Tennessee gets Georgia and Florida on the road. Georgia is finally playing at Texas A&M (really, the Dawgs are), and for the hell of it, at Texas, too.

Kentucky, Ole Miss, Mississippi State, Vanderbilt and Missouri will play a round-robin of who cares. Twice, if it were possible.

You wanted the SEC, Brian Kelly? Here it is: LSU gets Alabama, Oklahoma, Texas, Texas A&M and Florida.

Florida gets Georgia, Oklahoma, Tennessee and LSU — and another trip to College Station because everyone is tired of the Gators whining about it.

Auburn gets Alabama, Georgia and LSU — and at least 1 (and maybe both) of the 2 newbies.

And speaking of the 2 newbies, Texas is playing at Texas A&AM because, well, because there was never this level of dysfunction until the Longhorns — the epicenter of dysfunction in the Big 12 — arrived in the SEC.

It’s like a Marine platoon. One guy screws up, everyone pays.

If I’m Sankey, I’m spittin’ mad and I’m going scorched earth.

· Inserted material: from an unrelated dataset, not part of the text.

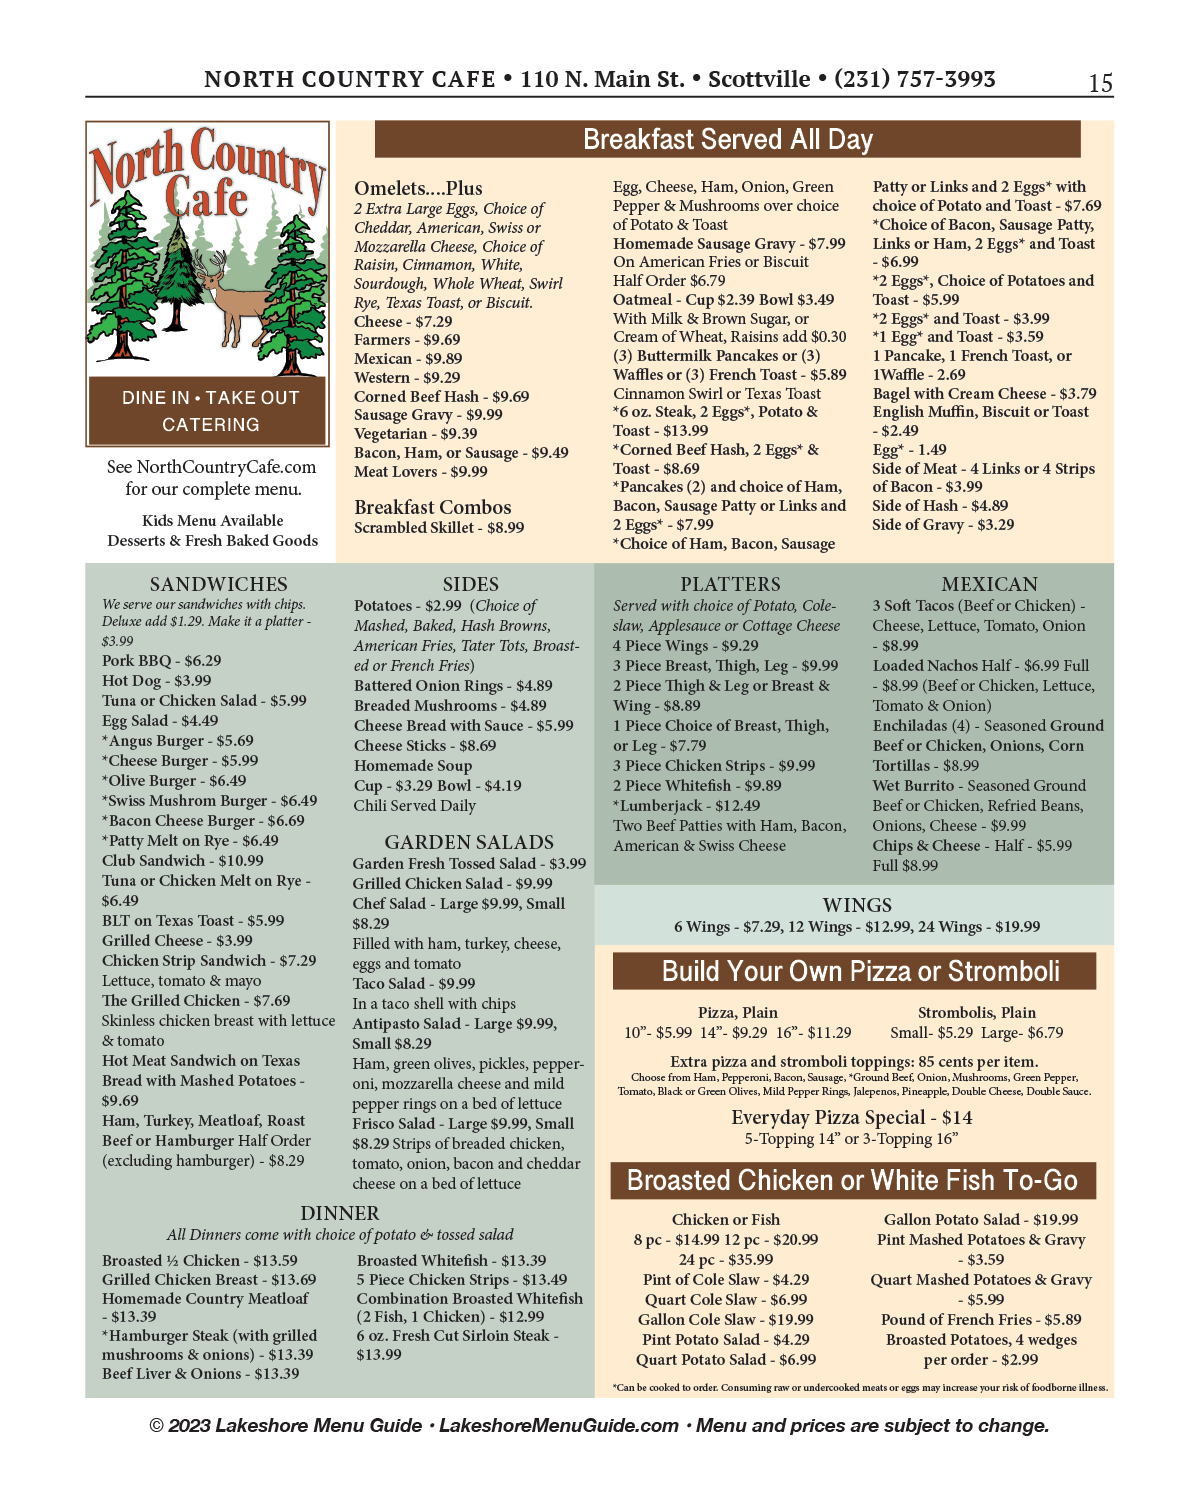 Menu for North Country Cafe in downtown Scottville from the Lakeshore Menu Guide

I’m getting schedule czars Mark Womack and Charlie Hussey from the league office — hell, I’m calling in retired scheduling guru Larry Templeton — and I’m doing whatever it takes to make every single school pay, one way or the other.

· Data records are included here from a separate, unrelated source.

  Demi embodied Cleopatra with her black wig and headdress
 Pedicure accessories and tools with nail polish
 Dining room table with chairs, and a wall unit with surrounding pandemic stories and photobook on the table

A stretch of brutal road games. An unbearable September or November.

Early bye weeks, late bye weeks.

Back-to-back potential top-10 games with no bye, a back-loaded November where every critical game is played over the final 3 weeks of the season (say goodbye to those mid-November cupcake breathers, fellas).

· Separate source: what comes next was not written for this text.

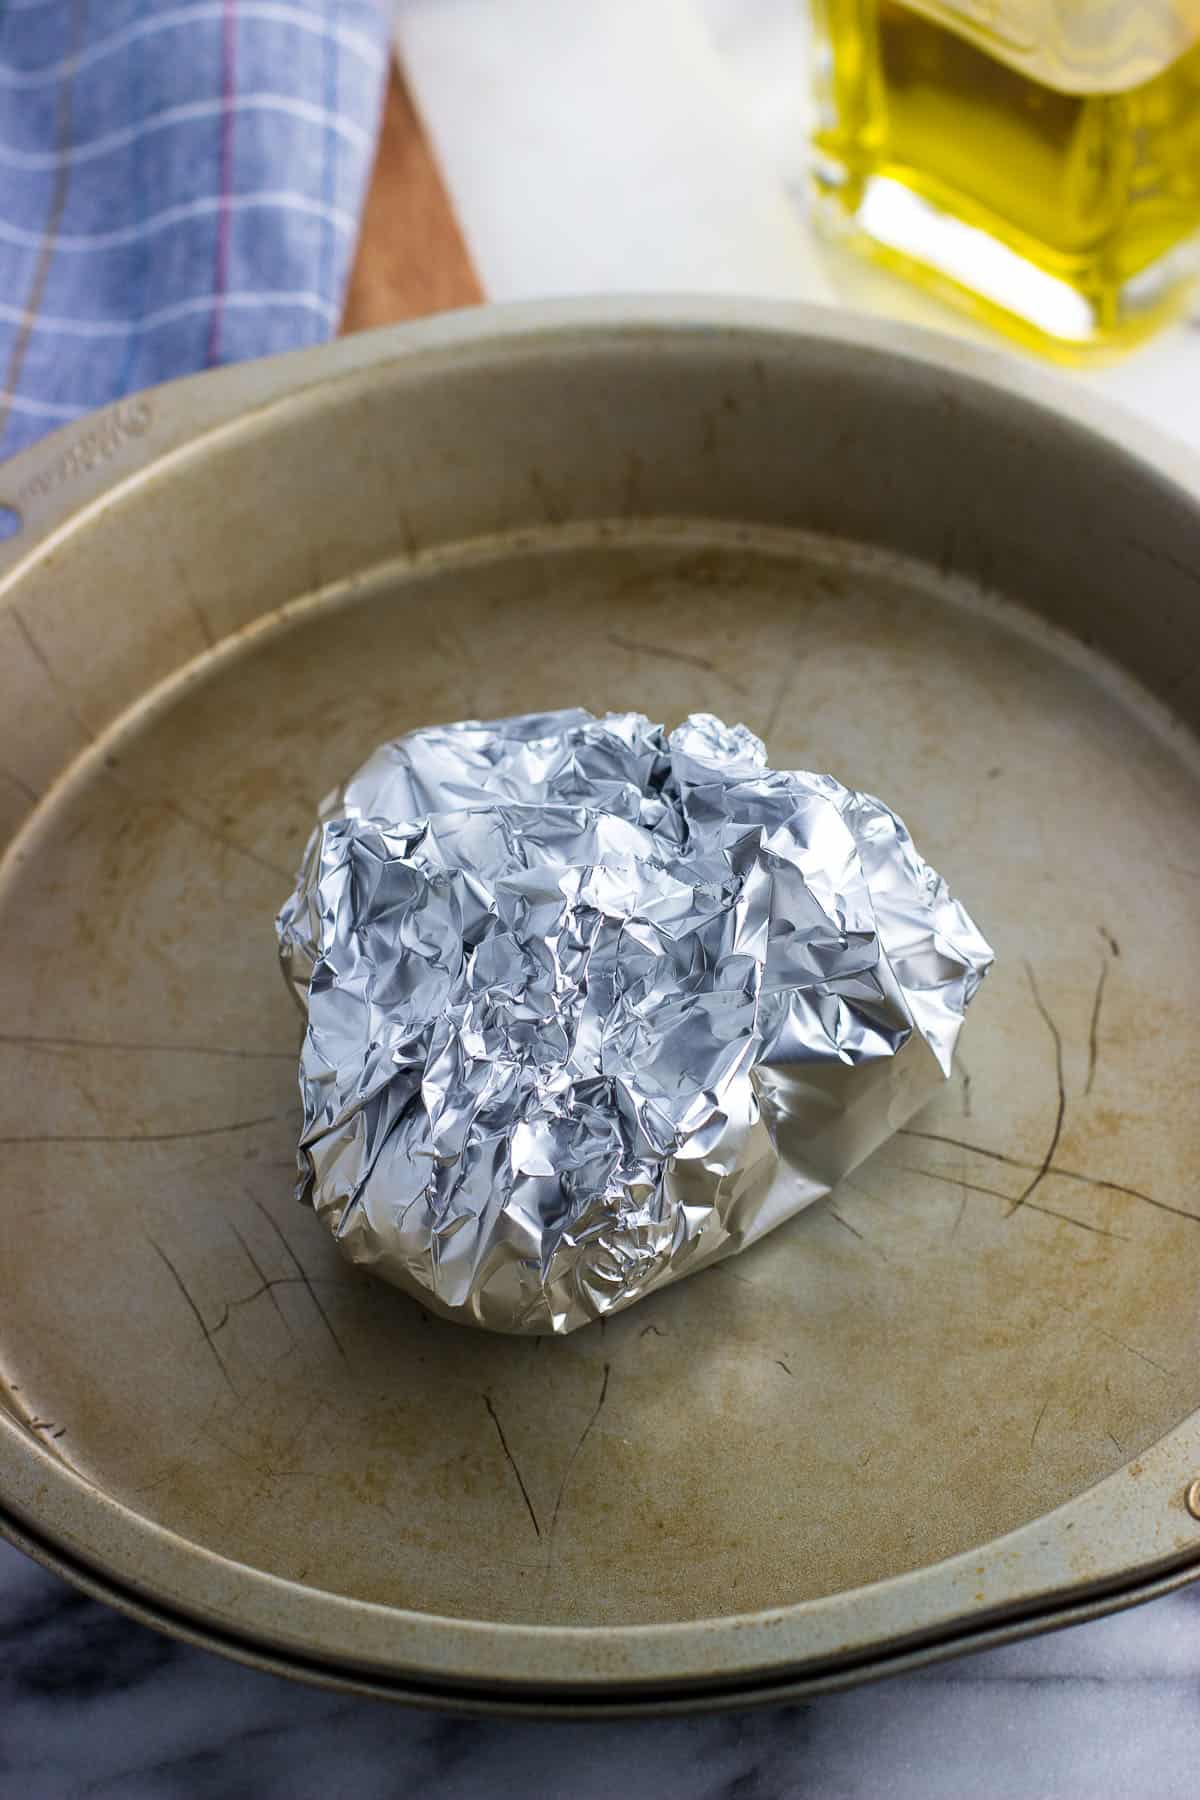 A foil-wrapped package of garlic heads on a pan.

What’s that meme flying around the interwebs? “(F—-around —> find out.”

How in the world can the best conference in college football — the conference with the most high-profile properties in all of college sports — have 4 members (Kentucky, Ole Miss, Mississippi State, Vanderbilt) that haven’t won a football championship in the modern era scuttle the good of the whole?

How can an increasingly annoyingly petulant greatest coach ever (Nick Saban) throw a tantrum about his top 2 team in the nation getting an “unfair” trio of permanent games (LSU, Tennessee, Auburn) in the 9-game format — and the entire free world not laugh in his face?

Tennessee has 1 elite season in the past 2 decades, and suddenly the guy with the best roster in college football is getting antsy.

Auburn ran off the coach who beat Saban 3 times, and ran off another coach less than 2 years later. The Tigers then hired a castoff coach who not so long ago was persona non grata in the SEC because the last time he was around, players were paid (when it wasn’t legal) and his program went on probation.

The lasting image of his time at the school was an All-American player tweeting out a video of himself smoking marijuana with a gas mask during the NFL Draft (his, um, account was hacked — allegedly).

Then there’s LSU, which 2 years ago finished a season with 38 scholarship players available for a bowl game — where it played a wide receiver at quarterback because a freshman quarterback didn’t want to burn a redshirt season.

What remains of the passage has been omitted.